• TASK DIRECTIONS: Output every entry verbatim.

SUPPLIED INFORMATION Block Start

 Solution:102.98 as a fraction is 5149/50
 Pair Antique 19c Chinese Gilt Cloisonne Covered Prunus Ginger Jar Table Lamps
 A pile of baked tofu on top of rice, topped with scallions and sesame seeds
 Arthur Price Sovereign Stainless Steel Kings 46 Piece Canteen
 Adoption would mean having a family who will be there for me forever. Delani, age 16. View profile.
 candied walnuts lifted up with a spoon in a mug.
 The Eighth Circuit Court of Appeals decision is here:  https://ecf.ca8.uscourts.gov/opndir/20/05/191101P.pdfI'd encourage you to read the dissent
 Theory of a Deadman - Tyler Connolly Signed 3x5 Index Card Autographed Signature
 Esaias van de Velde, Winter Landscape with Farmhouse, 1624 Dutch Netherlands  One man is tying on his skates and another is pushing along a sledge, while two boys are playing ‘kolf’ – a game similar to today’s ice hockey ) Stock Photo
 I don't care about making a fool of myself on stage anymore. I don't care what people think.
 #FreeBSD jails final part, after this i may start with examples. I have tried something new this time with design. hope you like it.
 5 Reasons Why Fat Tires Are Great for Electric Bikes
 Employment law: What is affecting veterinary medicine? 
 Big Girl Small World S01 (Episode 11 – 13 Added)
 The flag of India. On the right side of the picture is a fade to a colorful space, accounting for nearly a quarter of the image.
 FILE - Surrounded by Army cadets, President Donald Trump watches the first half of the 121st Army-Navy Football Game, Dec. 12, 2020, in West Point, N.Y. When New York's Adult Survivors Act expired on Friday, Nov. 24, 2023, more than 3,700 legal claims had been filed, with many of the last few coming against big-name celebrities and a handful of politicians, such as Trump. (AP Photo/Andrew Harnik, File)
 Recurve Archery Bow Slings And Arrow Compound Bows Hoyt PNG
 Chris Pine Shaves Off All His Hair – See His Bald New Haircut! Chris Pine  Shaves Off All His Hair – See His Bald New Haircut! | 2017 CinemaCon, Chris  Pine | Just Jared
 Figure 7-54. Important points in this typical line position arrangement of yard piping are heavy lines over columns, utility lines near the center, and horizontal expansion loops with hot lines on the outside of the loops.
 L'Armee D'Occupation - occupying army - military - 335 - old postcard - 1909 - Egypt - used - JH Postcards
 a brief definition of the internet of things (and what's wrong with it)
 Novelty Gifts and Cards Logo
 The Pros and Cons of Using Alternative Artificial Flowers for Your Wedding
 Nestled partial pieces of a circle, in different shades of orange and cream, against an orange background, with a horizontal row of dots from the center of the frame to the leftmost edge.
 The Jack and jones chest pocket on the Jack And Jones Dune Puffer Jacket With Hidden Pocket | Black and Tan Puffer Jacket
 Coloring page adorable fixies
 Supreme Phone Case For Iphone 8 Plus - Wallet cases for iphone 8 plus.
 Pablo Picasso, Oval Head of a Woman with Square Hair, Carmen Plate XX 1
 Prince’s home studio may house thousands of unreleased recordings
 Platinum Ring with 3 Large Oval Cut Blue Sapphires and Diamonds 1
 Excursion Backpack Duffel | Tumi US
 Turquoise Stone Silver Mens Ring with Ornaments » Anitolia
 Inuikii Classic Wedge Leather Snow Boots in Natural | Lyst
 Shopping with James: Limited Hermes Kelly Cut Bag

SUPPLIED INFORMATION Block End

• ANSWER:
 Solution:102.98 as a fraction is 5149/50
 Pair Antique 19c Chinese Gilt Cloisonne Covered Prunus Ginger Jar Table Lamps
 A pile of baked tofu on top of rice, topped with scallions and sesame seeds
 Arthur Price Sovereign Stainless Steel Kings 46 Piece Canteen
 Adoption would mean having a family who will be there for me forever. Delani, age 16. View profile.
 candied walnuts lifted up with a spoon in a mug.
 The Eighth Circuit Court of Appeals decision is here:  https://ecf.ca8.uscourts.gov/opndir/20/05/191101P.pdfI'd encourage you to read the dissent
 Theory of a Deadman - Tyler Connolly Signed 3x5 Index Card Autographed Signature
 Esaias van de Velde, Winter Landscape with Farmhouse, 1624 Dutch Netherlands  One man is tying on his skates and another is pushing along a sledge, while two boys are playing ‘kolf’ – a game similar to today’s ice hockey ) Stock Photo
 I don't care about making a fool of myself on stage anymore. I don't care what people think.
 #FreeBSD jails final part, after this i may start with examples. I have tried something new this time with design. hope you like it.
 5 Reasons Why Fat Tires Are Great for Electric Bikes
 Employment law: What is affecting veterinary medicine? 
 Big Girl Small World S01 (Episode 11 – 13 Added)
 The flag of India. On the right side of the picture is a fade to a colorful space, accounting for nearly a quarter of the image.
 FILE - Surrounded by Army cadets, President Donald Trump watches the first half of the 121st Army-Navy Football Game, Dec. 12, 2020, in West Point, N.Y. When New York's Adult Survivors Act expired on Friday, Nov. 24, 2023, more than 3,700 legal claims had been filed, with many of the last few coming against big-name celebrities and a handful of politicians, such as Trump. (AP Photo/Andrew Harnik, File)
 Recurve Archery Bow Slings And Arrow Compound Bows Hoyt PNG
 Chris Pine Shaves Off All His Hair – See His Bald New Haircut! Chris Pine  Shaves Off All His Hair – See His Bald New Haircut! | 2017 CinemaCon, Chris  Pine | Just Jared
 Figure 7-54. Important points in this typical line position arrangement of yard piping are heavy lines over columns, utility lines near the center, and horizontal expansion loops with hot lines on the outside of the loops.
 L'Armee D'Occupation - occupying army - military - 335 - old postcard - 1909 - Egypt - used - JH Postcards
 a brief definition of the internet of things (and what's wrong with it)
 Novelty Gifts and Cards Logo
 The Pros and Cons of Using Alternative Artificial Flowers for Your Wedding
 Nestled partial pieces of a circle, in different shades of orange and cream, against an orange background, with a horizontal row of dots from the center of the frame to the leftmost edge.
 The Jack and jones chest pocket on the Jack And Jones Dune Puffer Jacket With Hidden Pocket | Black and Tan Puffer Jacket
 Coloring page adorable fixies
 Supreme Phone Case For Iphone 8 Plus - Wallet cases for iphone 8 plus.
 Pablo Picasso, Oval Head of a Woman with Square Hair, Carmen Plate XX 1
 Prince’s home studio may house thousands of unreleased recordings
 Platinum Ring with 3 Large Oval Cut Blue Sapphires and Diamonds 1
 Excursion Backpack Duffel | Tumi US
 Turquoise Stone Silver Mens Ring with Ornaments » Anitolia
 Inuikii Classic Wedge Leather Snow Boots in Natural | Lyst
 Shopping with James: Limited Hermes Kelly Cut Bag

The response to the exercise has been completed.